Spot the International Space Station from your home

BY NICOLETTE EMMINO

For 12 years, the International Space Station (ISS) has been orbiting just 200 miles above Earth. The 460-ton habitable artificial satellite is said to be the third brightest object in the sky, behind the sun and moon, and now you can receive text messages when it’s overhead.

Spot the International Space Station from your home

The International Space Station (Image via NASA)

NASA has implemented an SMS and e-mail service called “Spot the Station” that will allow those interested to spot the ISS from their homes.

To receive alerts, sign up for the newly released web app. By including your location, the service will notify you a few hours prior to the ISS arrival overhead. Anyone can receive the e-mail alerts worldwide but only U.S. residents that are cellphone carriers can receive the SMS text messages.

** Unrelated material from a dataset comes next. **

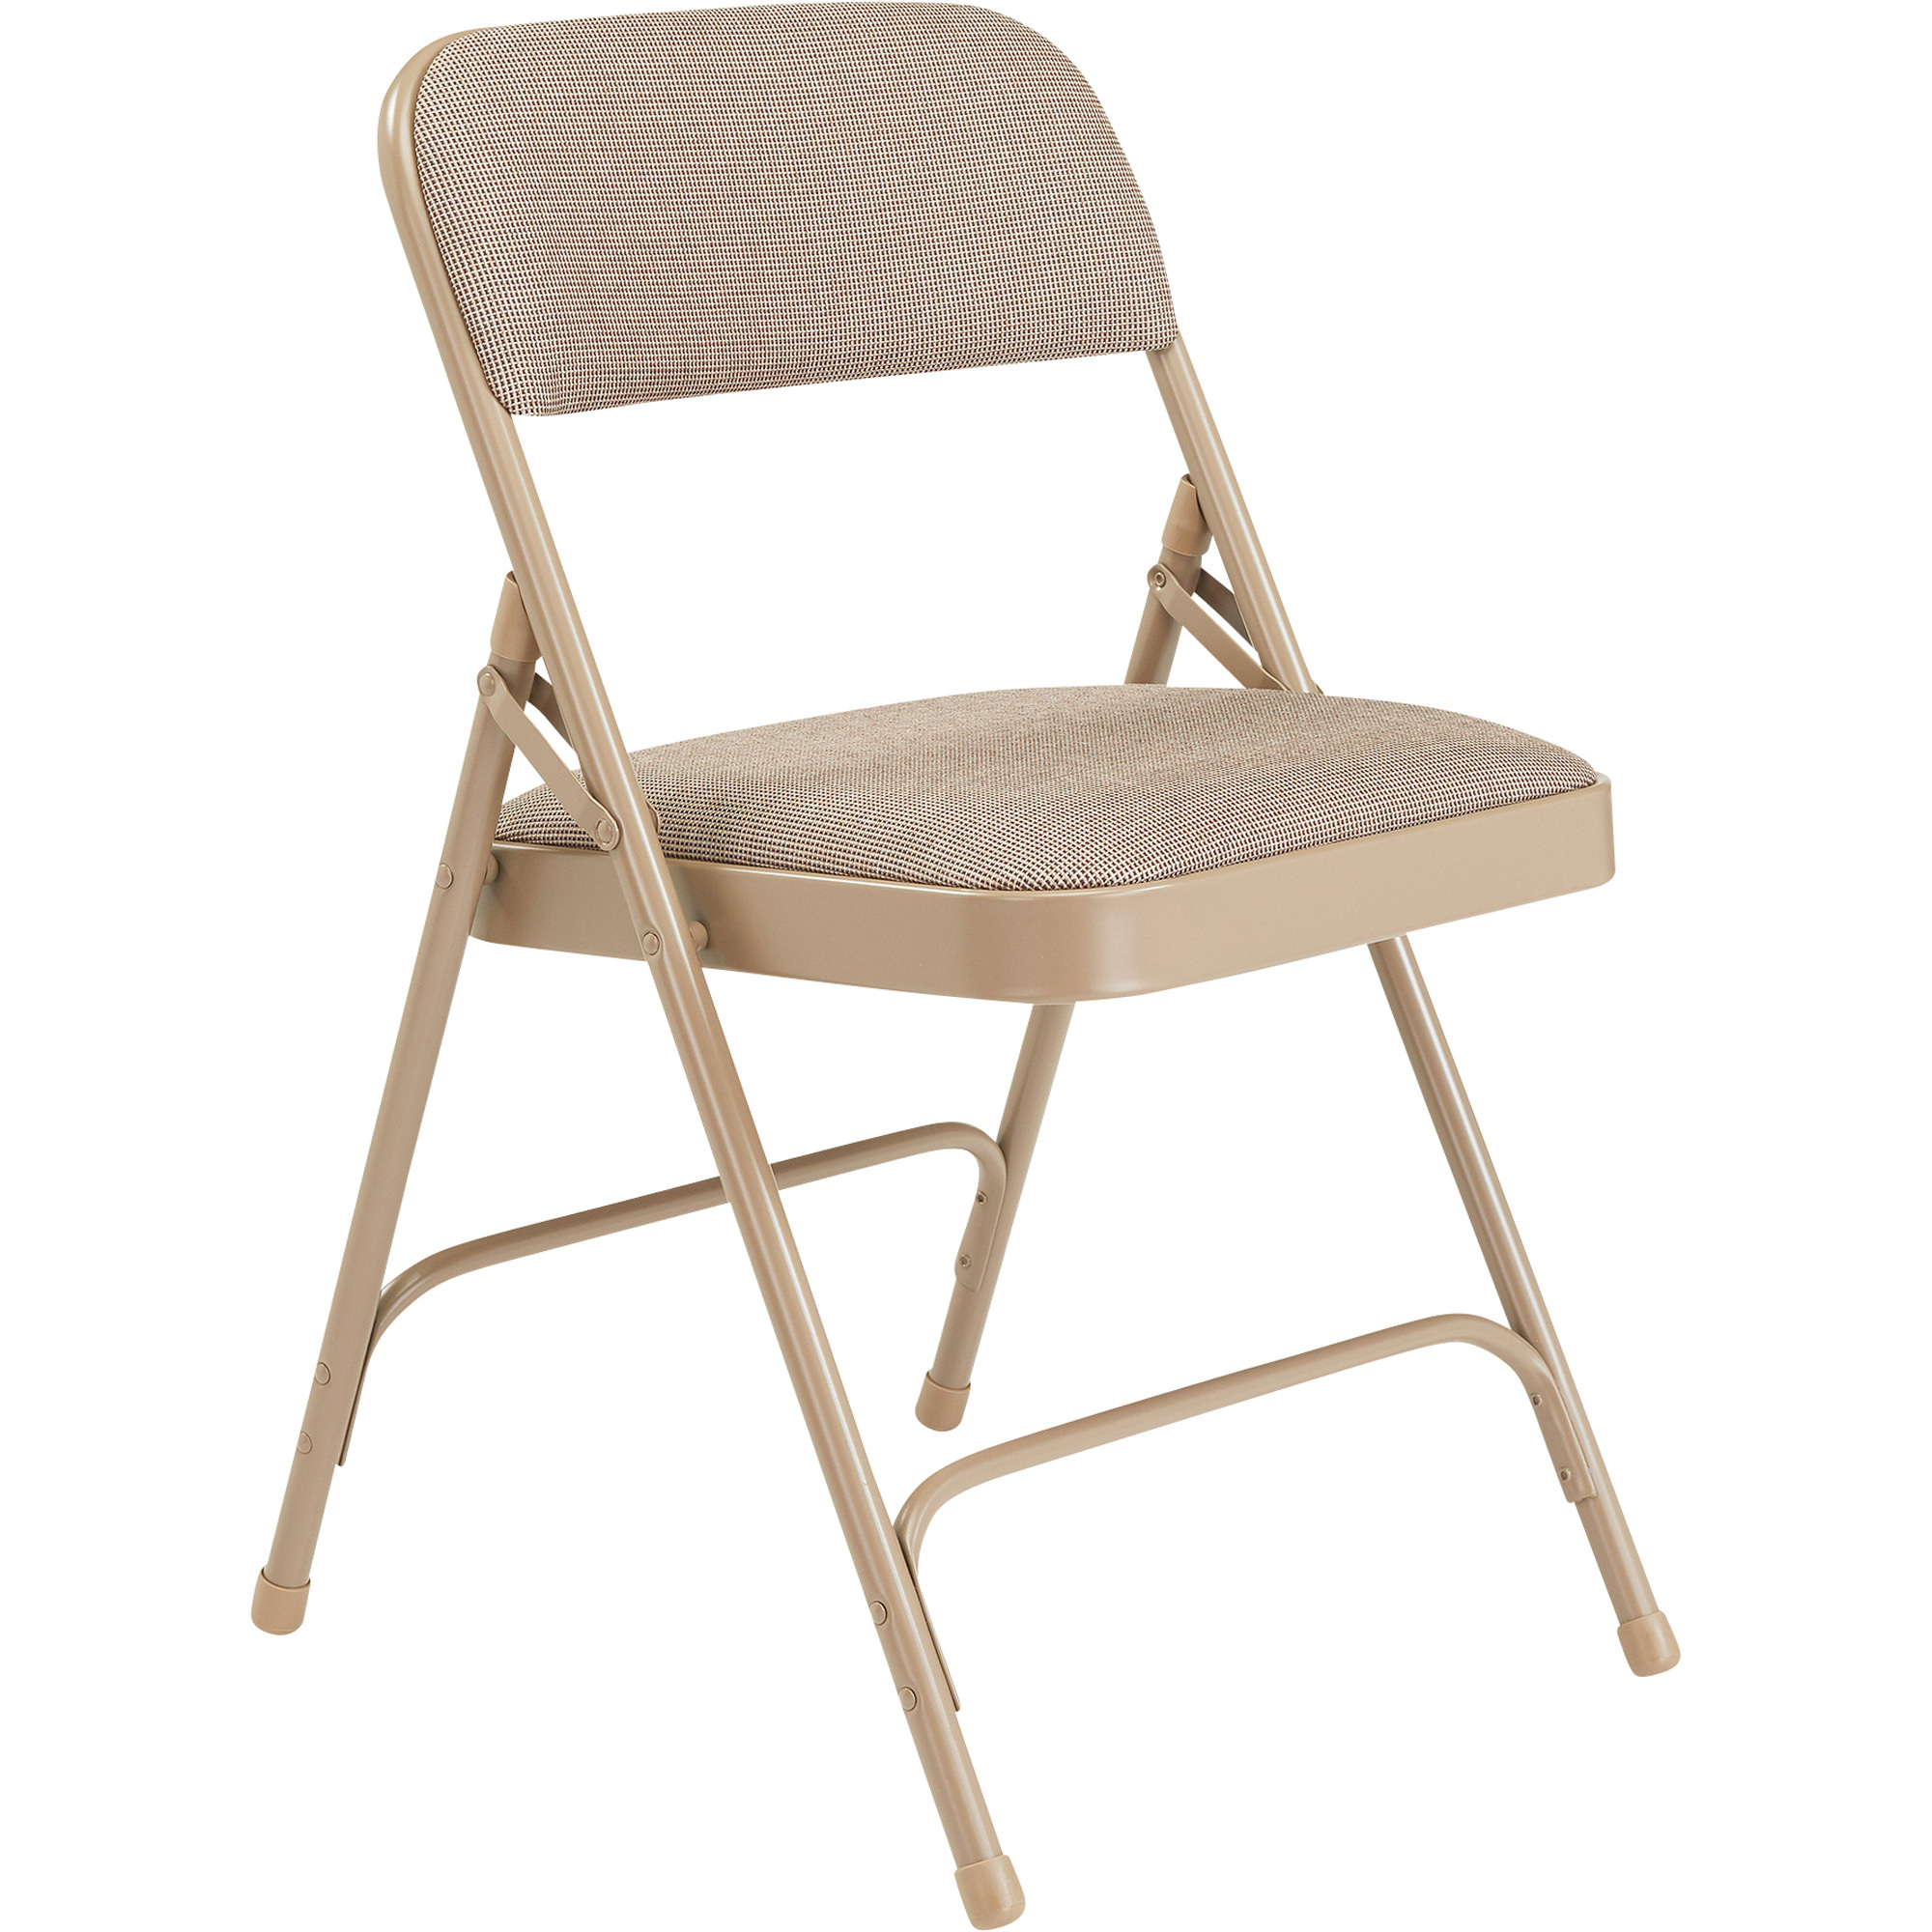 Steel Folding Chairs with Fabric Padded Seat and Back — Set of 4, Cafe Beige/Beige, Model - National Public Seating 2201

NASA has said that it will make the alerts when “good” sightings are available, meaning that the satellite is more than 40 degrees in the sky and can linger long enough to be spotted. This can happen anywhere from one to two times per week to one to two times per month.

What else is new at the ISS?

Just recently, two astronauts left the ISS to check out a radiator leak just outside the satellite. Space Station Commander Sunita Williams and Flight Engineer Aki Hoshide successfully rerouted the ammonia coolant lines and bypassed the suspected leaky radiator. It is theorized that a piece of space junk that the team had dodged the day before may have punctured a part of the radiator causing the toxic ammonia leak.

Spot the International Space Station from your home

Williams and Hoshide’s spacewalk outside of the International Space Station. (Image via NASA TV)

Williams and Hoshide are set to return back to Earth on November 19 after their four-month mission. In the meantime, maybe you’re wondering how the astronauts aboard the ISS were able to cast their vote in the November 6 Presidential election. The astronauts had the option of beaming their vote from space. Mission Control at the Johnson Space Center in Houston beamed up the ballots in a secure e-mail and they were beamed back to Earth by the astronauts where they were sent directly to voting authorities.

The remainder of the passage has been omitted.